Mr. Monk Goes to a Fashion Show [4.10]
- [Monk, Natalie, Stottlemeyer and Disher are looking over the evidence from the Clea Vance murder case at the crime lab]
- Howard "Gordo" Gordon: The dead model, right? I remember this case; I did the work on this one myself. Is there any new evidence?
- Captain Leland Stottlemeyer: No. Monk met the killer's mother.
- Lt. Randall Disher: She's a shirt inspector.
- Natalie Teeger: She swears he's innocent.
- Howard "Gordo" Gordon: Oh, I know. That's the toughest part of the job: the mothers crying and pleading. That's one thing I'm not going to miss!
- Captain Leland Stottlemeyer: Where are you going?
- Howard "Gordo" Gordon: Didn't you hear? I'm retiring! There's a party for me on Friday if you want to come.
- Lt. Randall Disher: Cool, absolutely! I'm there!
- Captain Leland Stottlemeyer: You're retiring? How old are you?
- Howard "Gordo" Gordon: 46.
- Captain Leland Stottlemeyer: [in disbelief] Did you win the lottery?
- Howard "Gordo" Gordon: No, I've been investing. Real estate. What have you been doing with your savings?
- Captain Leland Stottlemeyer: Uhhhhhhhhhhh, eating. You know, I need to talk to my accountant.
- Natalie Teeger: What, you have an accountant?
- Captain Leland Stottlemeyer: Nope. I'm going to have to go find an accountant, then I'm going to talk to him.
- Adrian Monk: There's something wrong with this picture. [He's looking at the crime scene photo of Clea Vance's body]
- Captain Leland Stottlemeyer: What?
- Adrian Monk: I don't know. But it's something. [Natalie picks up the evidence bag containing Clea Vance's shoes]
- Natalie Teeger: So these are her shoes?
- Howard "Gordo" Gordon: That's right. See this blood, and this hair and these fibers? They all belong to Pablo Ortiz. It's a slam dunk.
- Captain Leland Stottlemeyer: Yeah, I don't see any wiggle room here. Do you?
- Howard "Gordo" Gordon: Nah, we got the right man. People lie. People lie all the time, but DNA? Tsk, it never lies.
- Adrian Monk: I'm thinking--I'm thinking maybe he's not the guy.
- Natalie Teeger: You see there's this exit door-
- Captain Leland Stottlemeyer: Look, I heard about the exit door.

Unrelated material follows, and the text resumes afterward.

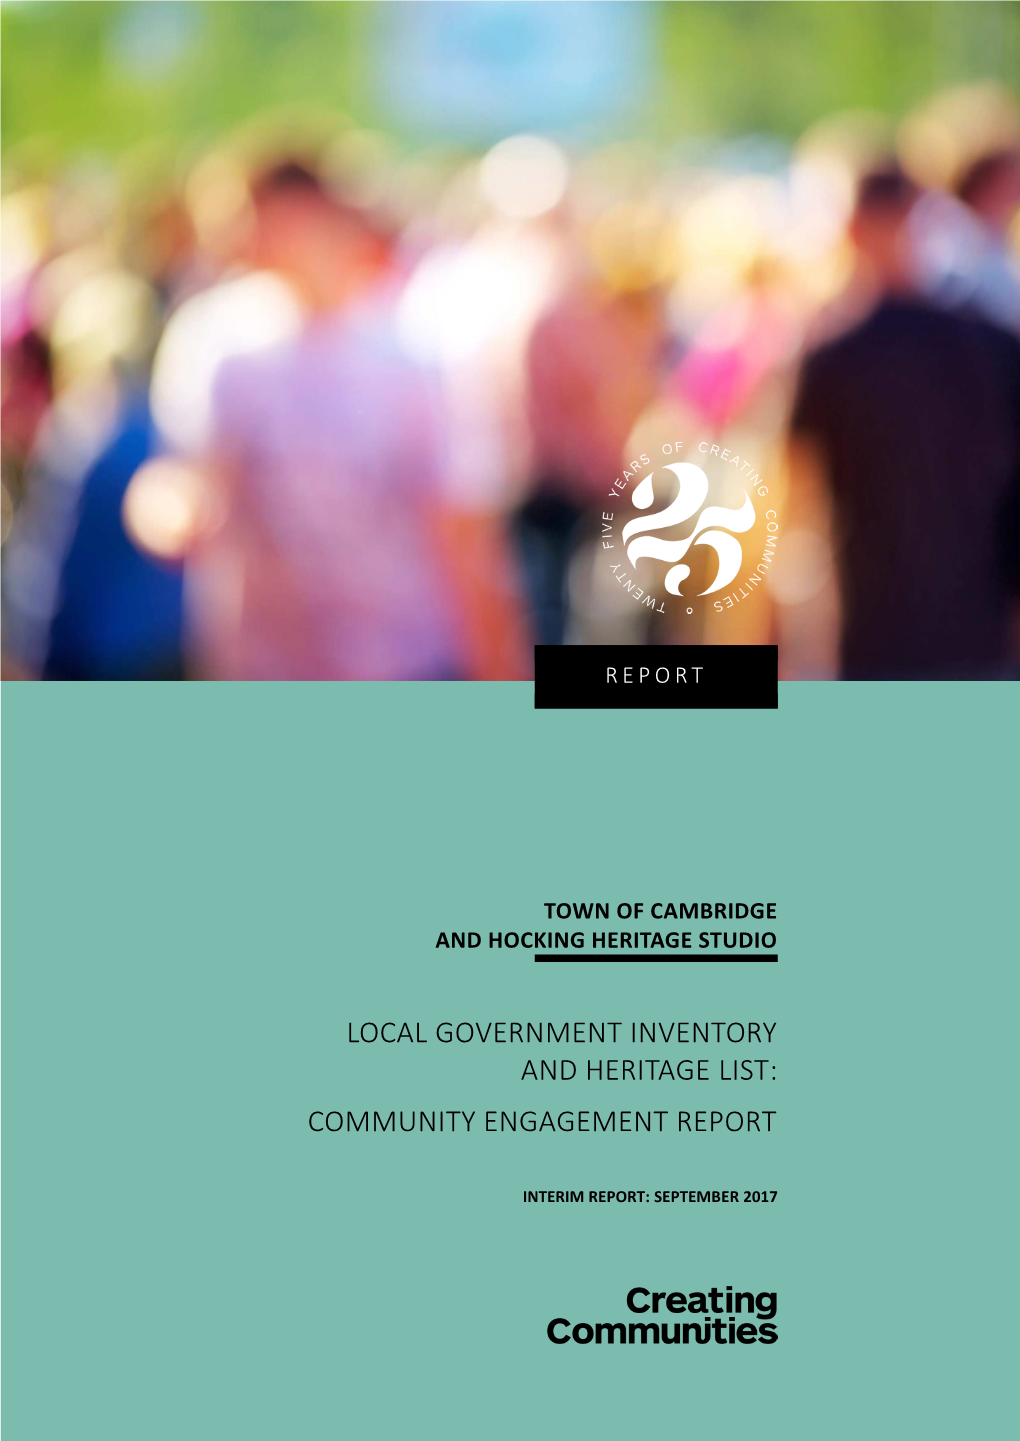 Local Government Inventory and Heritage List: Community Engagement Report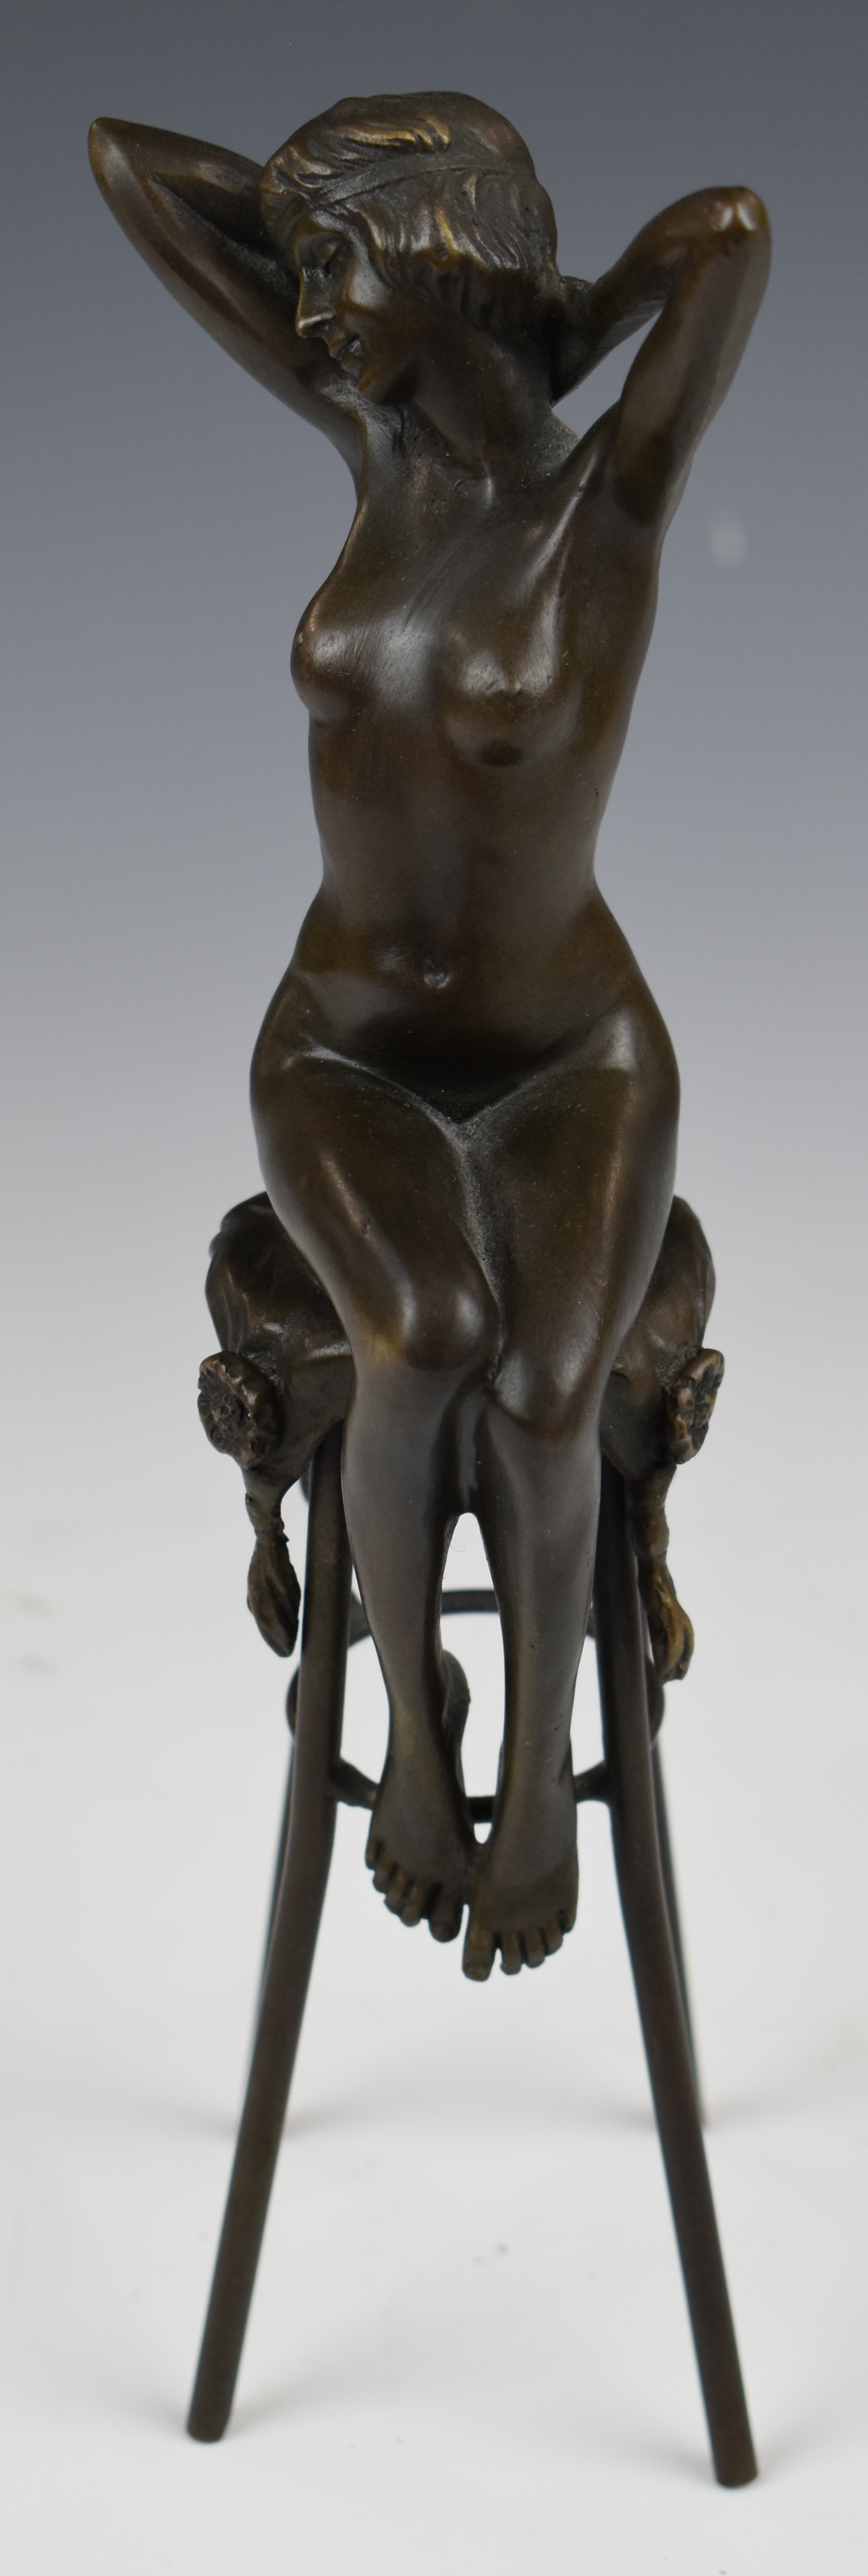 Bronze study of a nude lady on a high stool, height 25cm

- Adrian Monk: Right there!
- Captain Leland Stottlemeyer: Look, Monk, I'd follow you anywhere but I've got four cases on my plate right now. But you have fun. Knock yourself out. Thanks, Gordo.
- Lt. Randall Disher: See you at the party! [Stottlemeyer and Disher depart while Monk and Natalie continue to look at the file]
- Adrian Monk: Here's the statement from that Natasia Zorelle. She was the victim's roommate. Let's start with her. [Randy comes back in to grab the magazine he'd left behind]
- Lt. Randall Disher: Did you just say you were, uh, going to go and talk to Natasia Zorelle?
- Captain Leland Stottlemeyer: The supermodel? [Randy holds up the magazine cover, on which there is a picture of Natasia modeling a swimsuit]
- Adrian Monk: Is that her?
- Lt. Randall Disher: [looks at the cover] Yeah, actually, I've got the rest of the day off. I should probably go with you guys.
- Captain Leland Stottlemeyer: You know, I think I'll come along, too. In the interest of, uh...
- Natalie Teeger: Justice?
- Captain Leland Stottlemeyer: Yeah. Justice.
- [Monk, Natalie, Stottlemeyer and Disher visit Hodge's fashion house to talk to him. Hodge advances on Natalie]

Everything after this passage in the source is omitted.